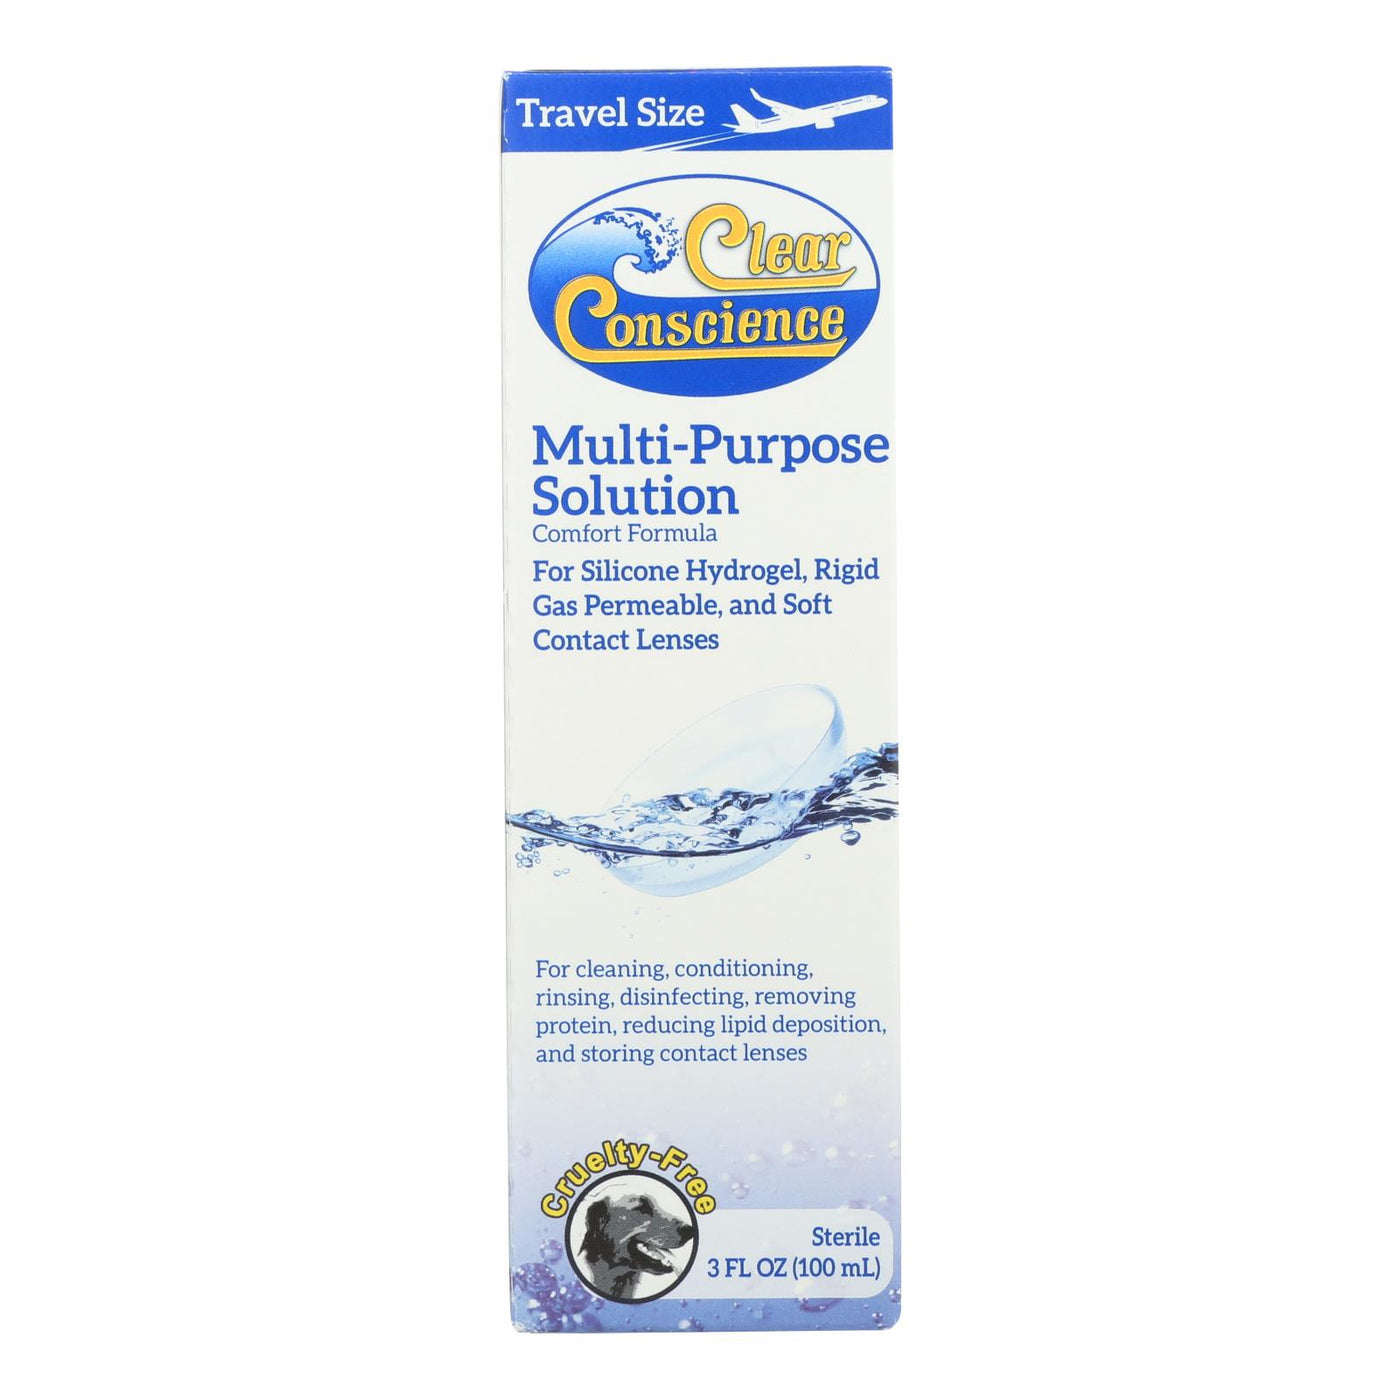 Clear Conscience Multi Purpose Contact Lens Solution - Travel Size - 3 Oz | OnlyNaturals.us
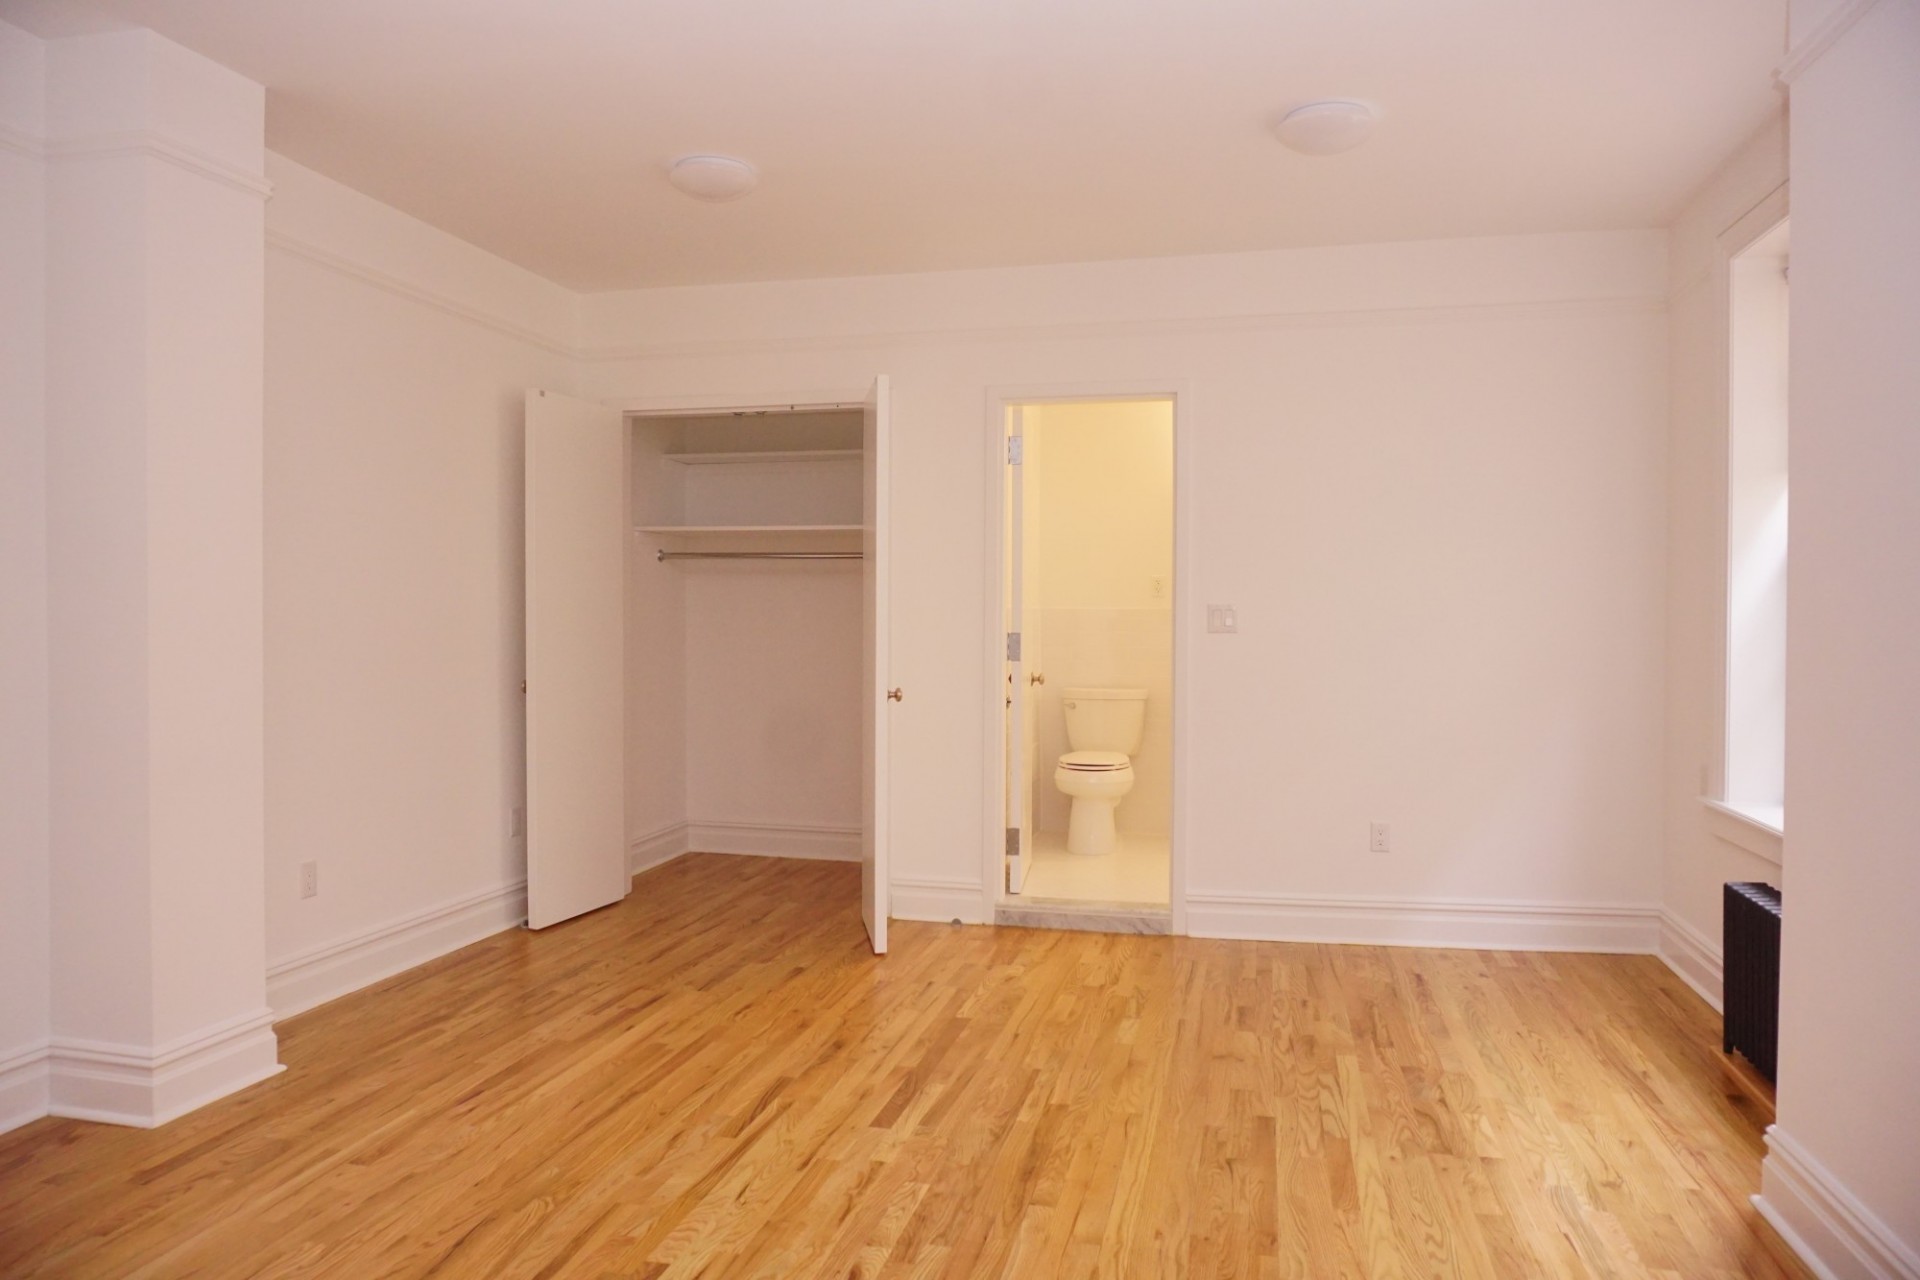 Example of a studio apartment - closet, living space and bathroom view
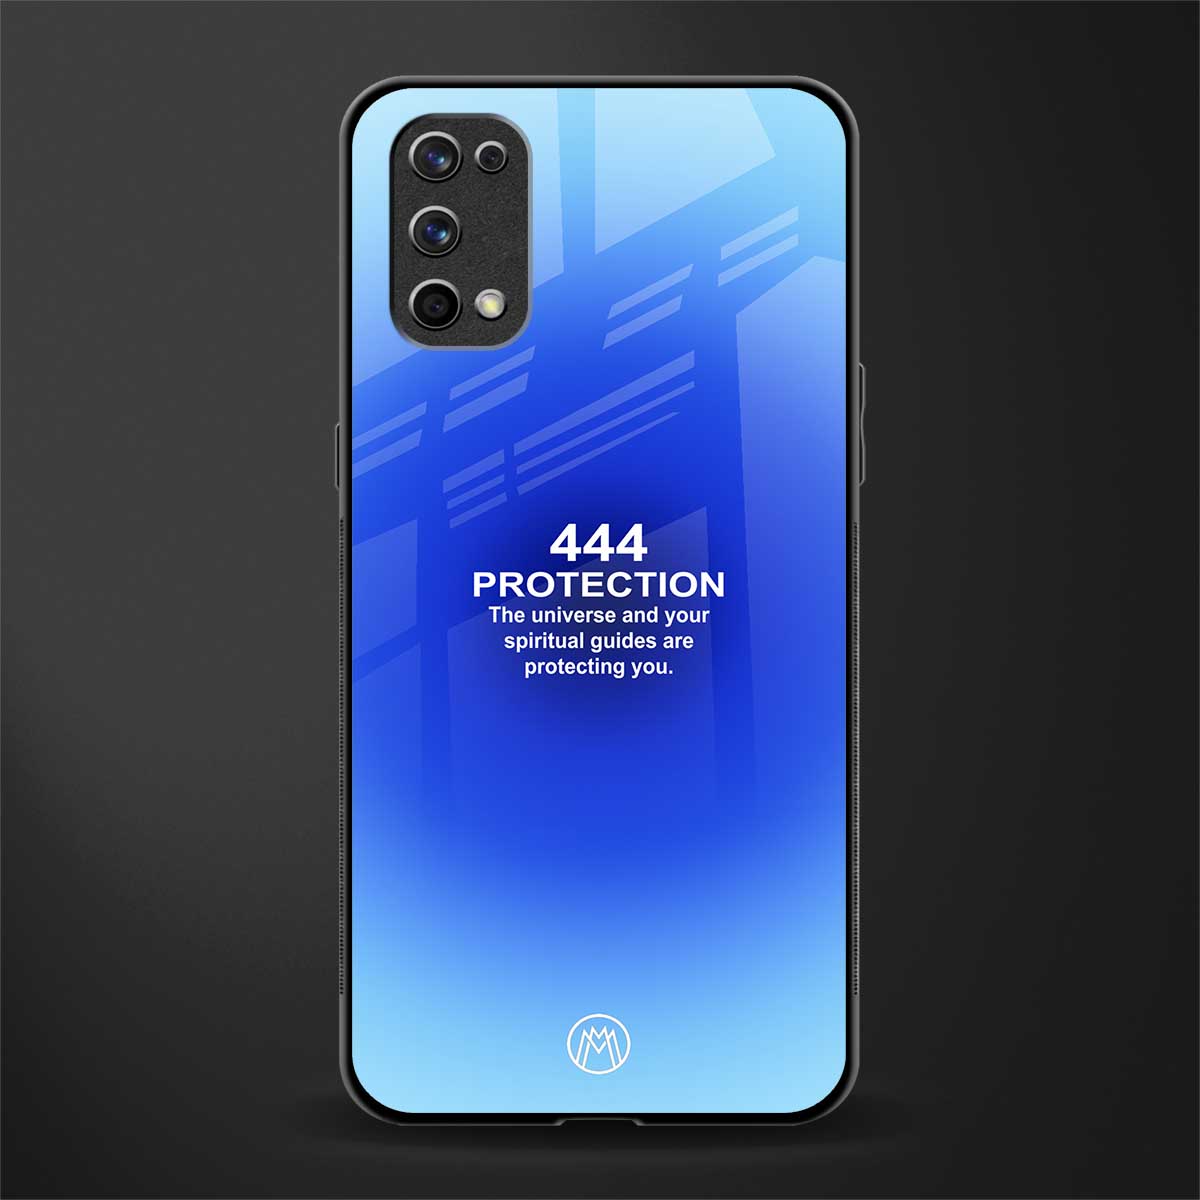 444 protection glass case for realme 7 pro image

━━━━━━━━━━━━━━━━

### WORK ITEM
The entire listing above, word for word and without pictures, is what should be output.

### COMPLETED TASK
 Clear Conscience Multi Purpose Contact Lens Solution - Travel Size - 3 Oz | OnlyNaturals.us
 Example of a studio apartment - closet, living space and bathroom view
 444 protection glass case for realme 7 pro image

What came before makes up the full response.